Royals Stadium (renamed Kauffman Stadium in 1993) in Kansas City on the first day of the 1973 season.
Olympic Stadium in Montreal on the first day of the 1977 season.
The Hubert H. Humphrey Metrodome in Minnesota on the first day of the 1982 season.
The Skydome in Toronto during the 1989 season.
Comiskey Park II in Chicago (American league) on the first day of the 1991 season.
Oriole Park at Camden Yards in Baltimore on the first day of the 1992 season.
The Ballpark at Arlington in Texas on the first day of the 1994 season.
Jacobs Field in Cleveland on the first day of the 1994 season.
Coors Field in Denver on the first day of the 1995 season.
Turner Field in Atlanta on the first day of the 1997 season.
Safeco Field in Seattle during the 1999 season.
Pacific Bell Park In San Francisco, Enron Field in Houston, and Comerica Park in Detroit on the first day of the 2000 season.
PNC Park in Pittsburgh and Miller Park in Milwaukee on the first day of the 2001 season.

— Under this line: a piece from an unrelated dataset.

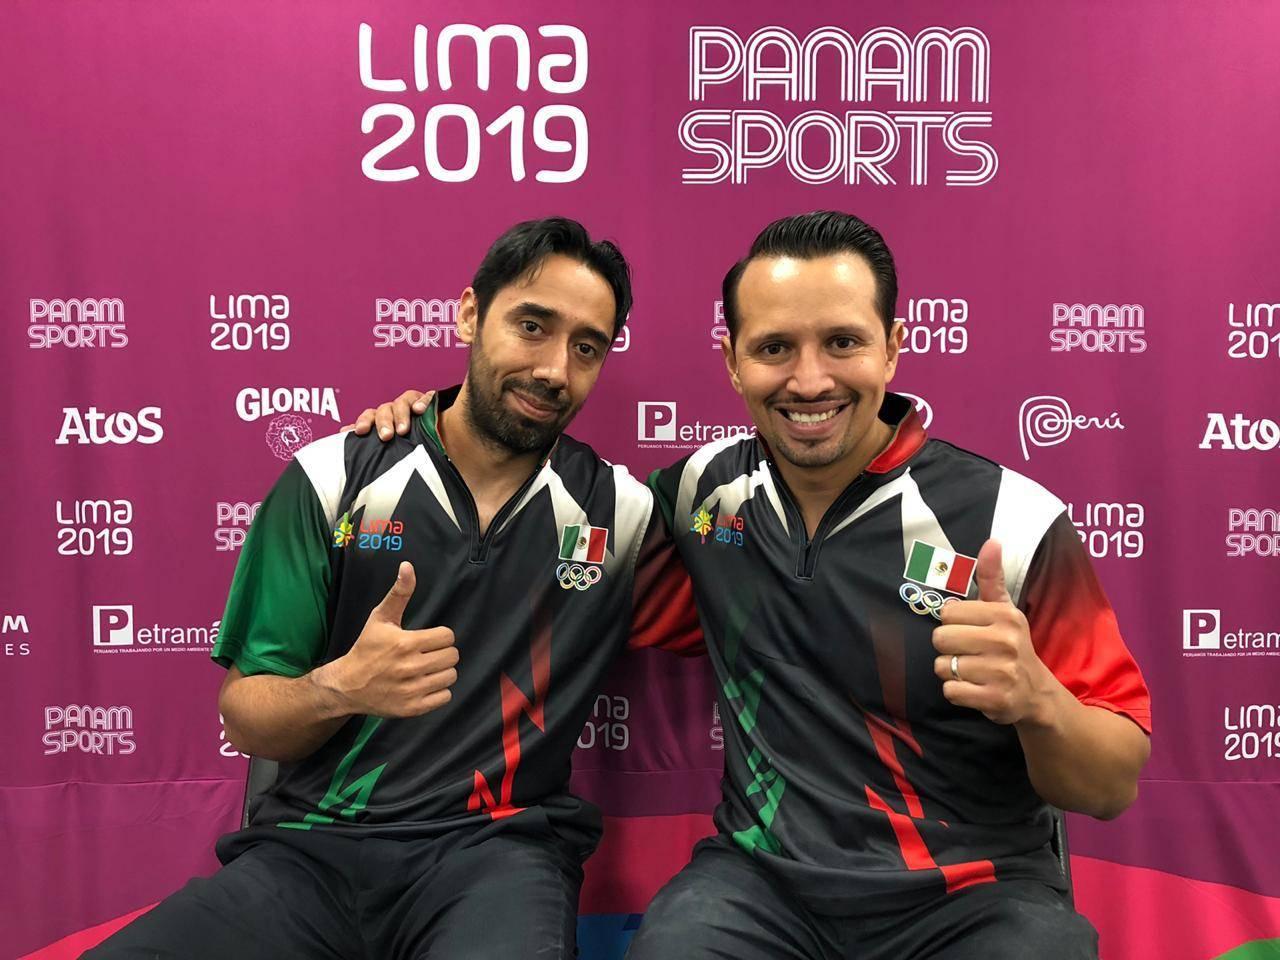 México gana bronce en Lima por doping de atleta puertorriqueño
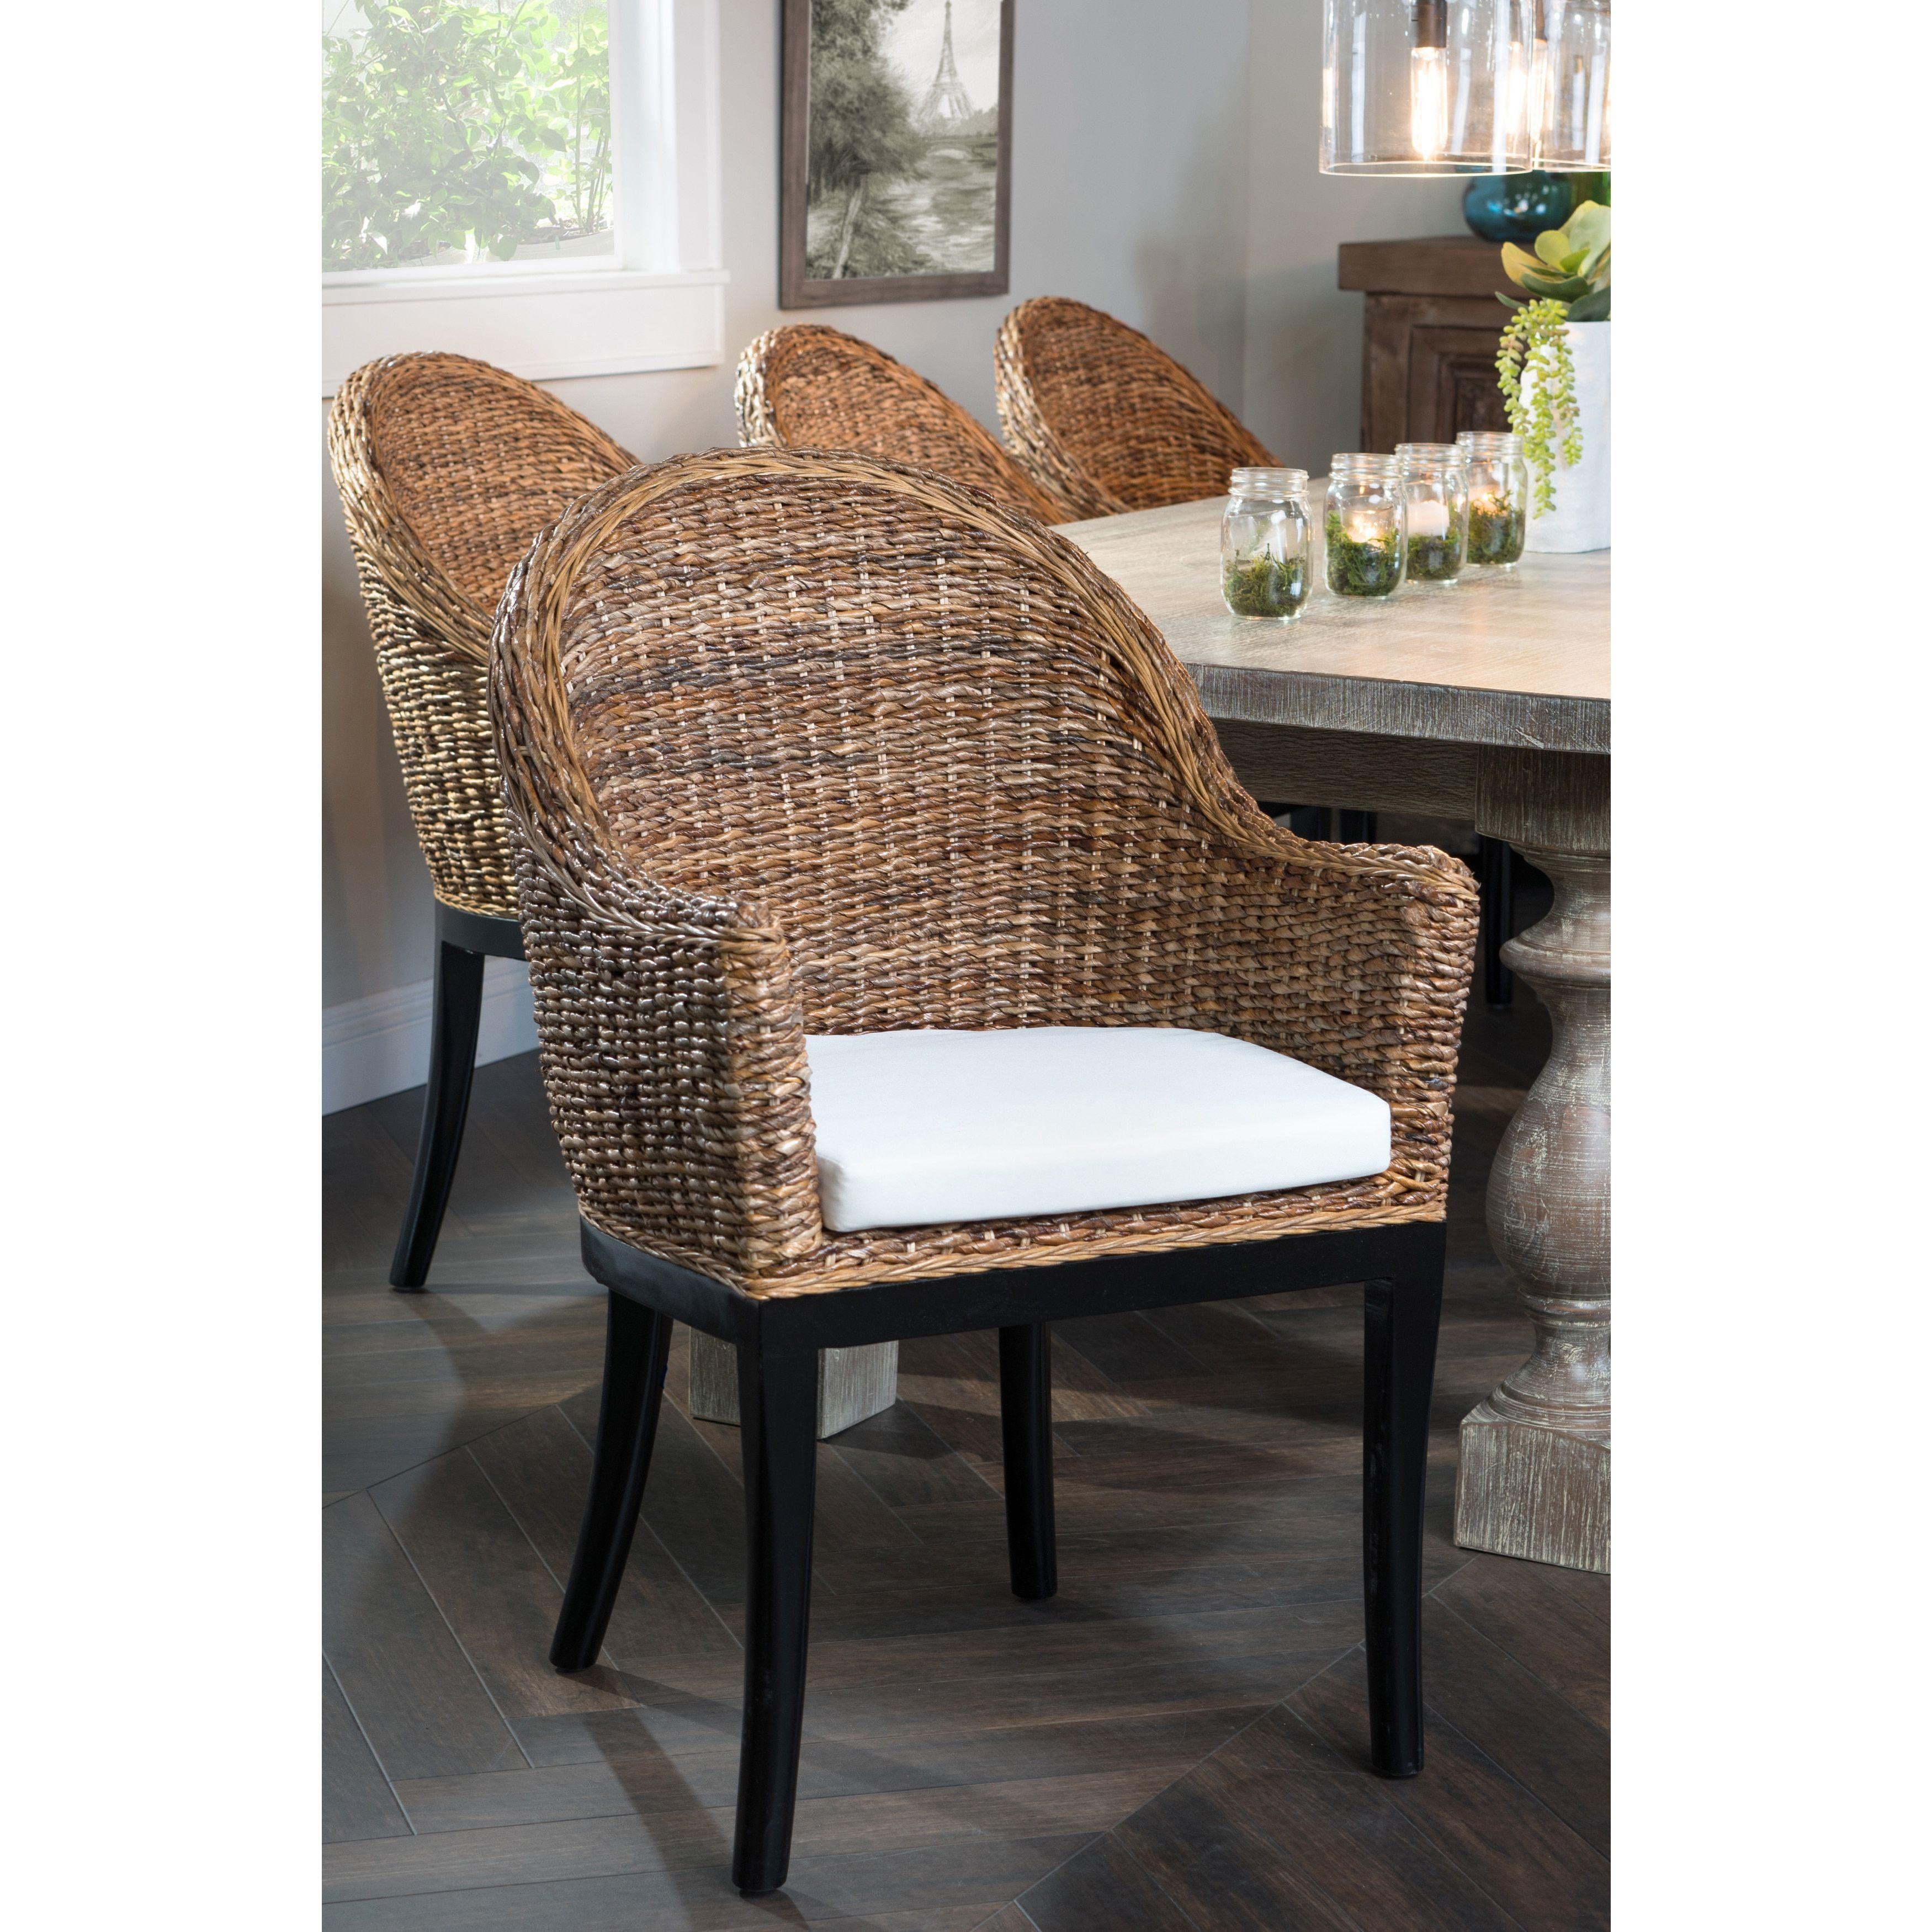 Owen Rattan Dining Chair By Kosas Home Natural Black Mahogany

Each of these new stadia could also have had an impact on both on-field performance measures and attendance. The above list does not include stadia whose opening or initial use for Major League baseball coincides with the inaugural season of a new or relocated franchise. Also note the use of artificial turf increased over the early years covered by these data and has more recently decreased.

3. The Course

During the first class meeting, each of the student groups was provided with a unique portion of the 1969-2000 Major League Baseball Attendance Dataset. The data were limited to the 1969 through 1992 seasons to somewhat simplify the modeling process (reducing the number of expansions, work stoppages, and changes in scheduling format the students would have to consider). The subsets of the data that were distributed to the student groups did not overlap and did combine to form the complete dataset to be used for the course. None of these subsets contained data for all years to be utilized, nor did any subset contain data for every team.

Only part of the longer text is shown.